* _TASK ITEM_
The line containing "Certificate: On Customer Demand" and every line after it, through the end of the records below, are to be reproduced exactly, with the pictures left out.

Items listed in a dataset
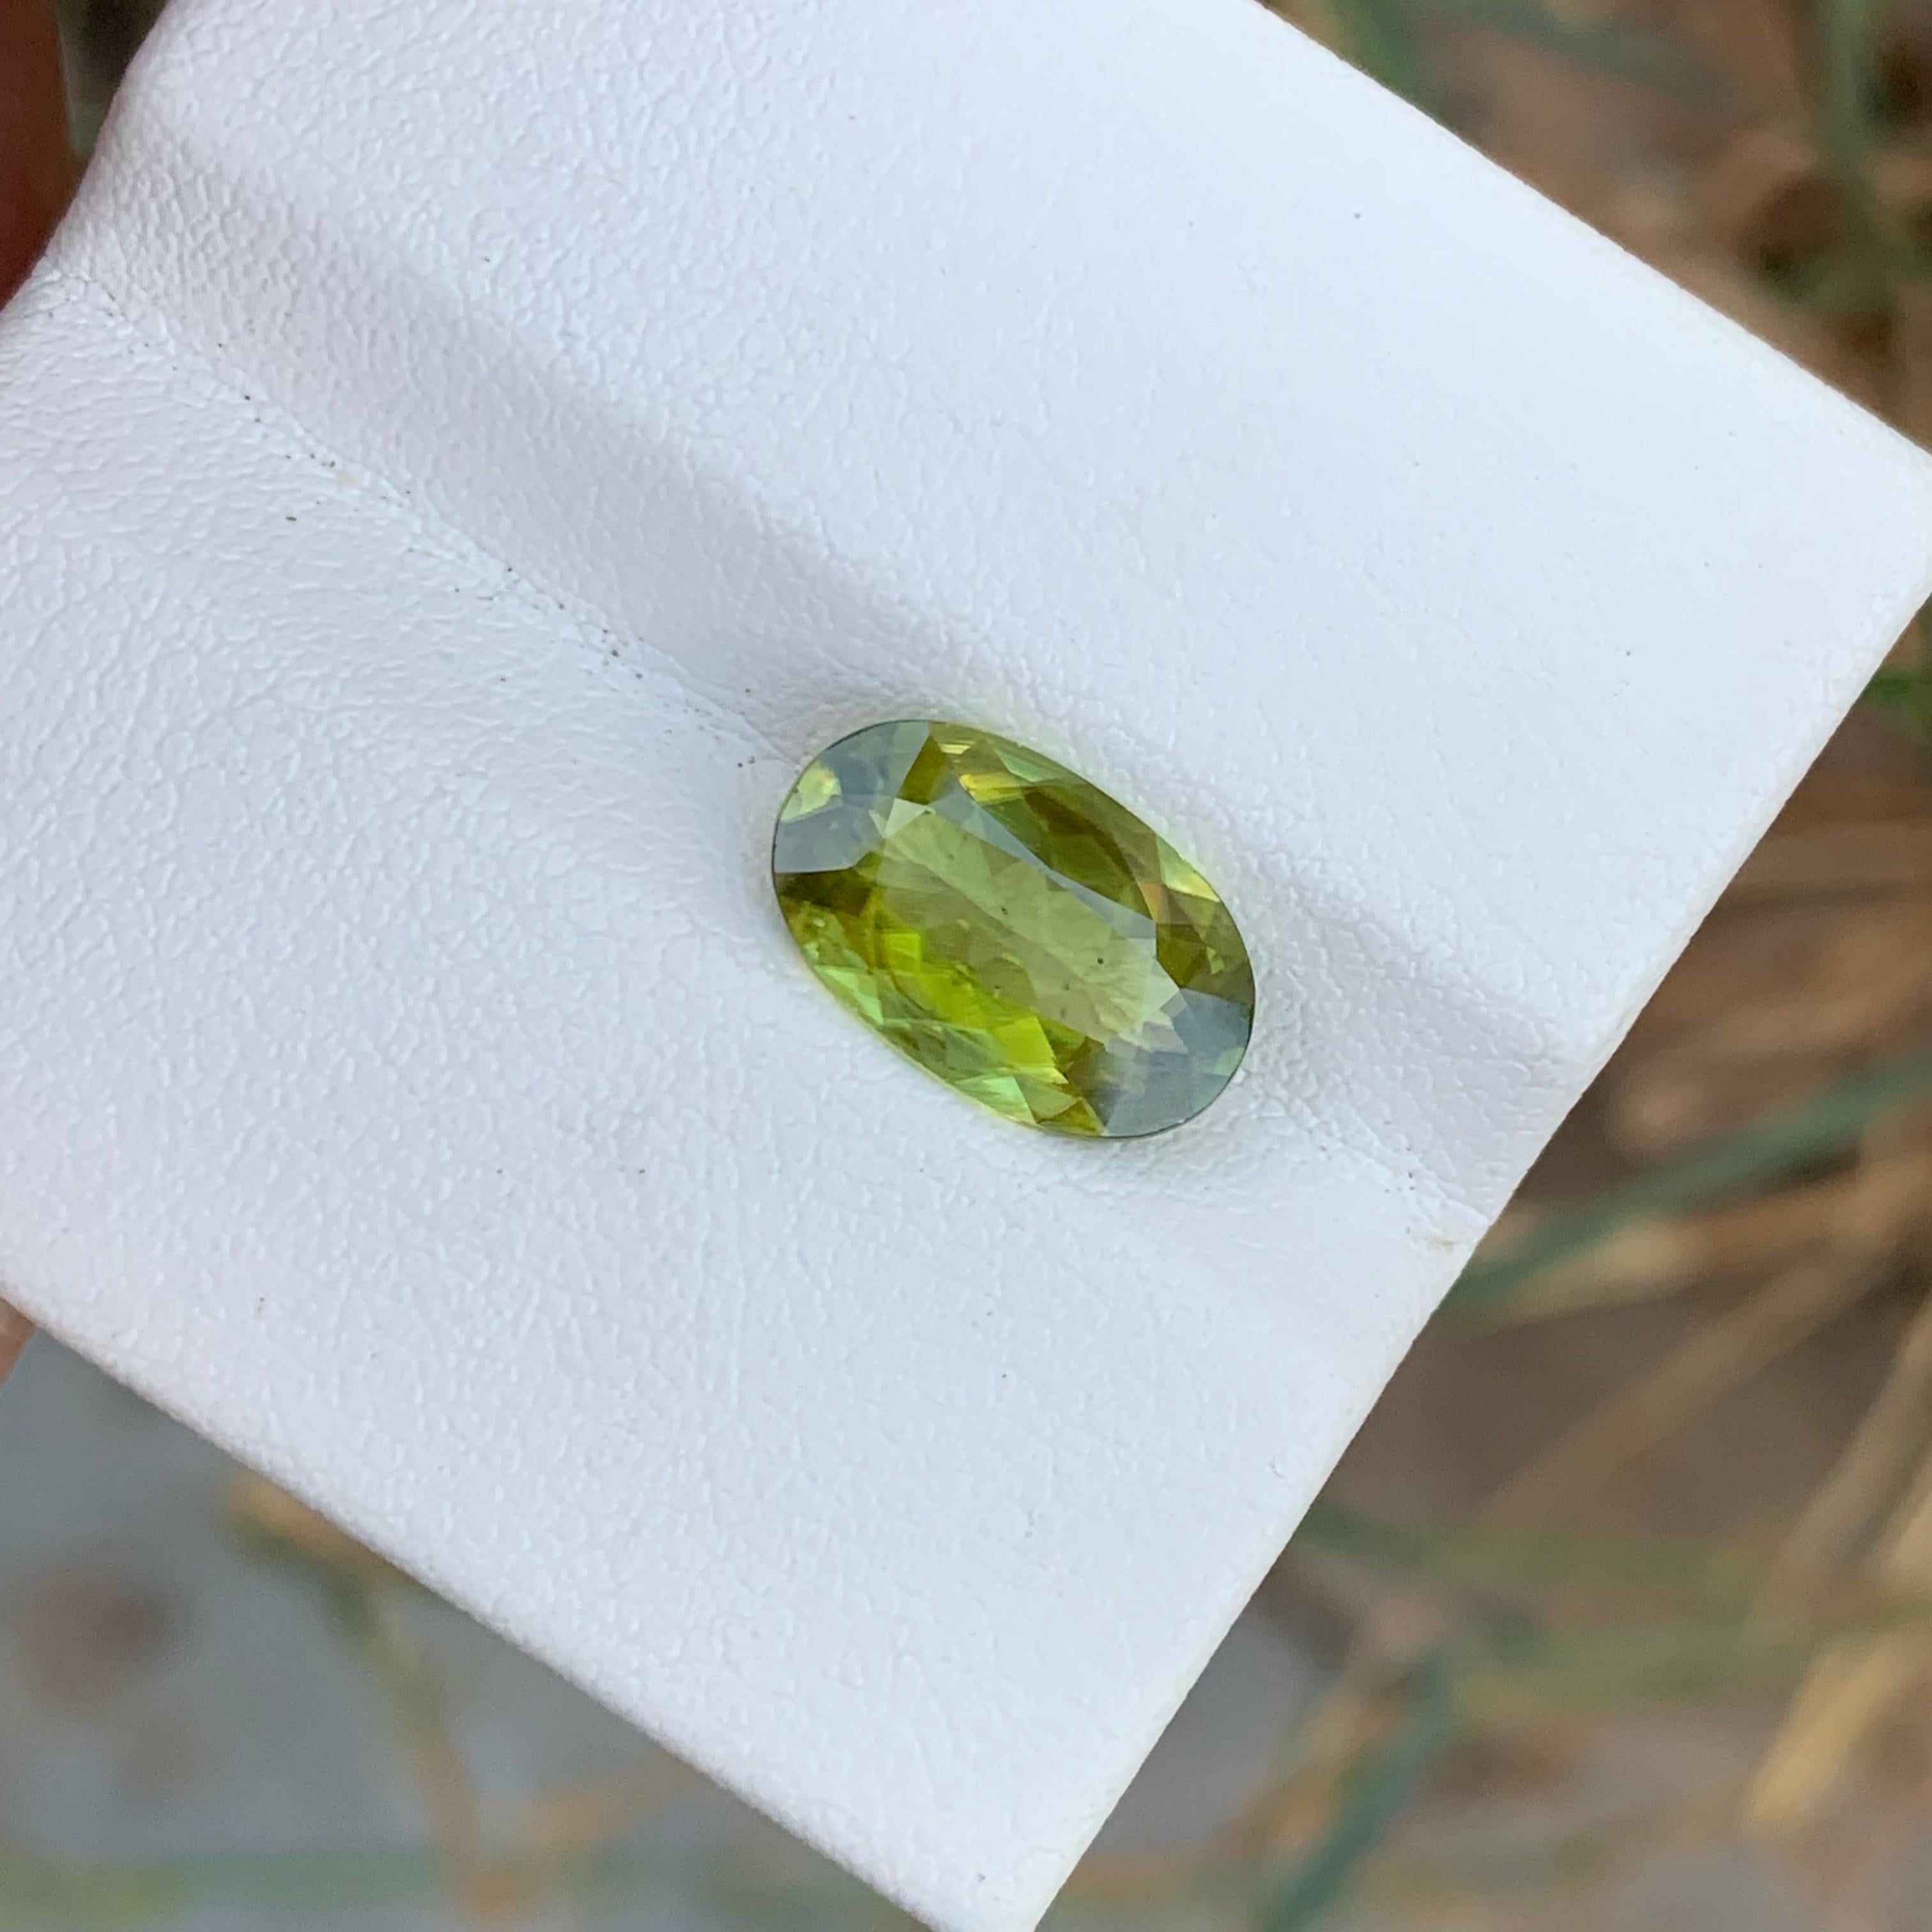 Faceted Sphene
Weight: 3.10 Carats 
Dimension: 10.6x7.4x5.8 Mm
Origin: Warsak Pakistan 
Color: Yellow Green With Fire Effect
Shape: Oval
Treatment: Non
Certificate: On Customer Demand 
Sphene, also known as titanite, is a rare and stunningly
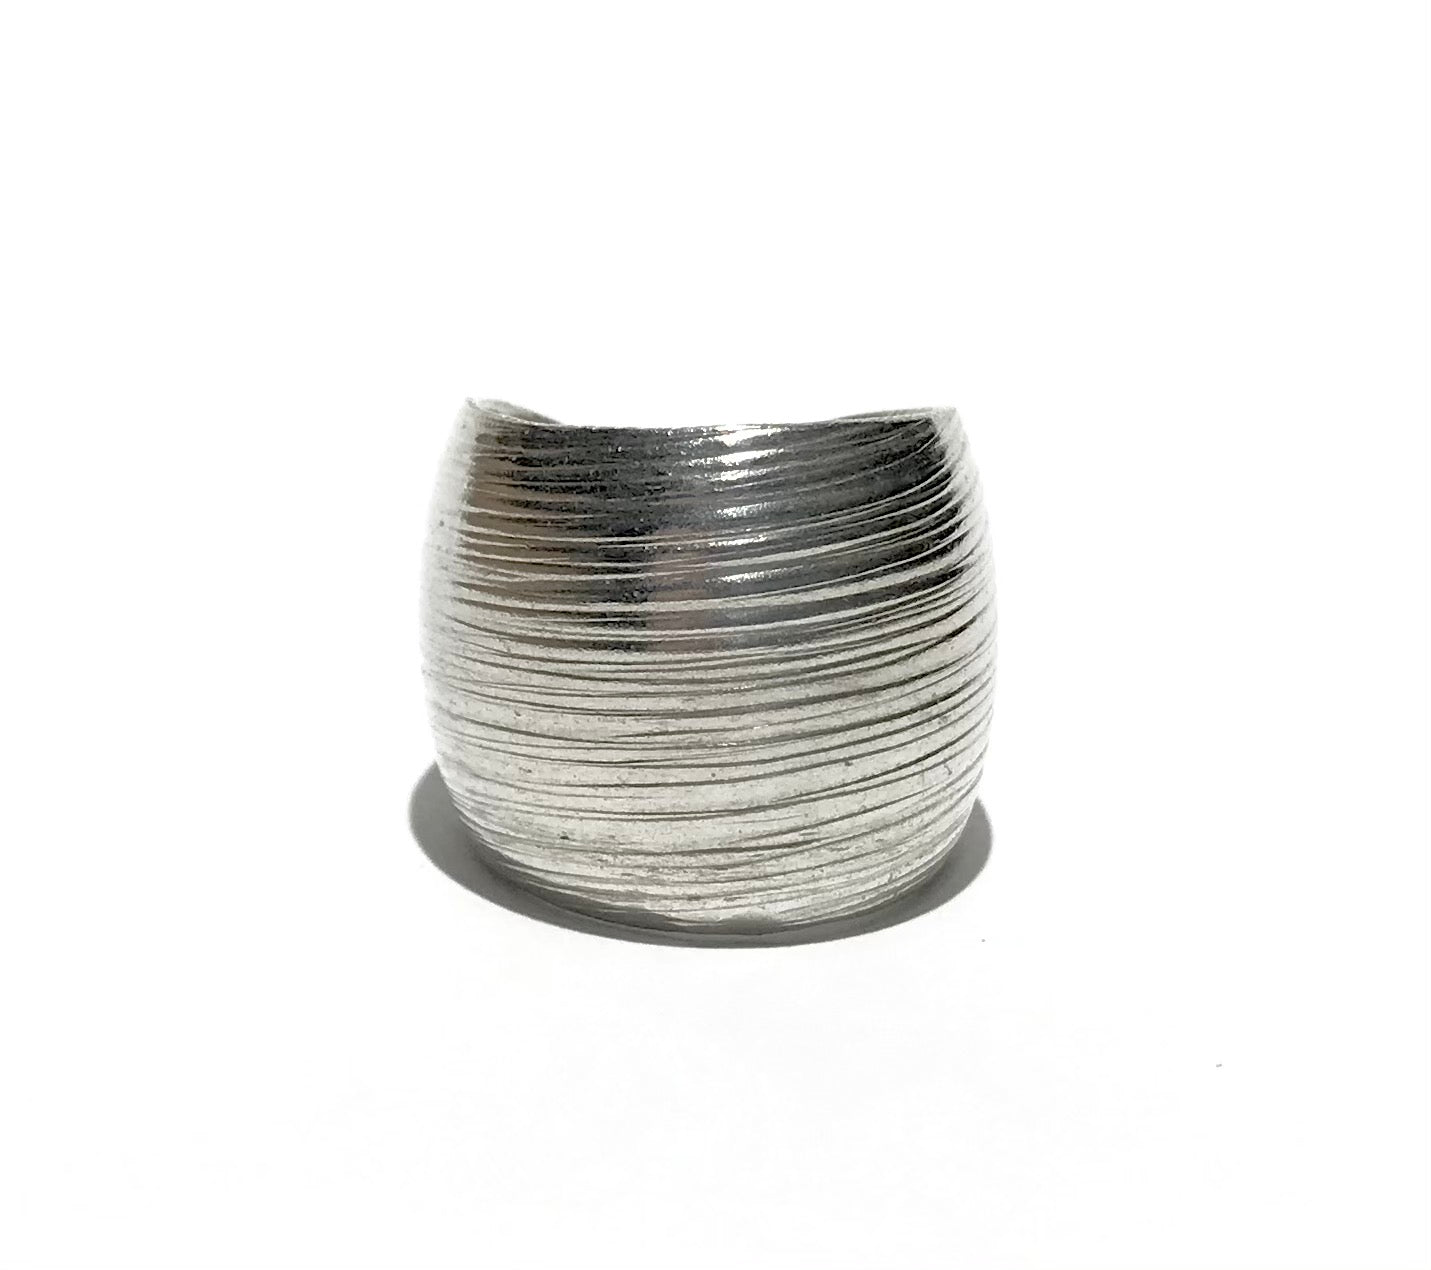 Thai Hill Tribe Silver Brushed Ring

* _THE ANSWER_
Certificate: On Customer Demand 
Sphene, also known as titanite, is a rare and stunningly
 Thai Hill Tribe Silver Brushed Ring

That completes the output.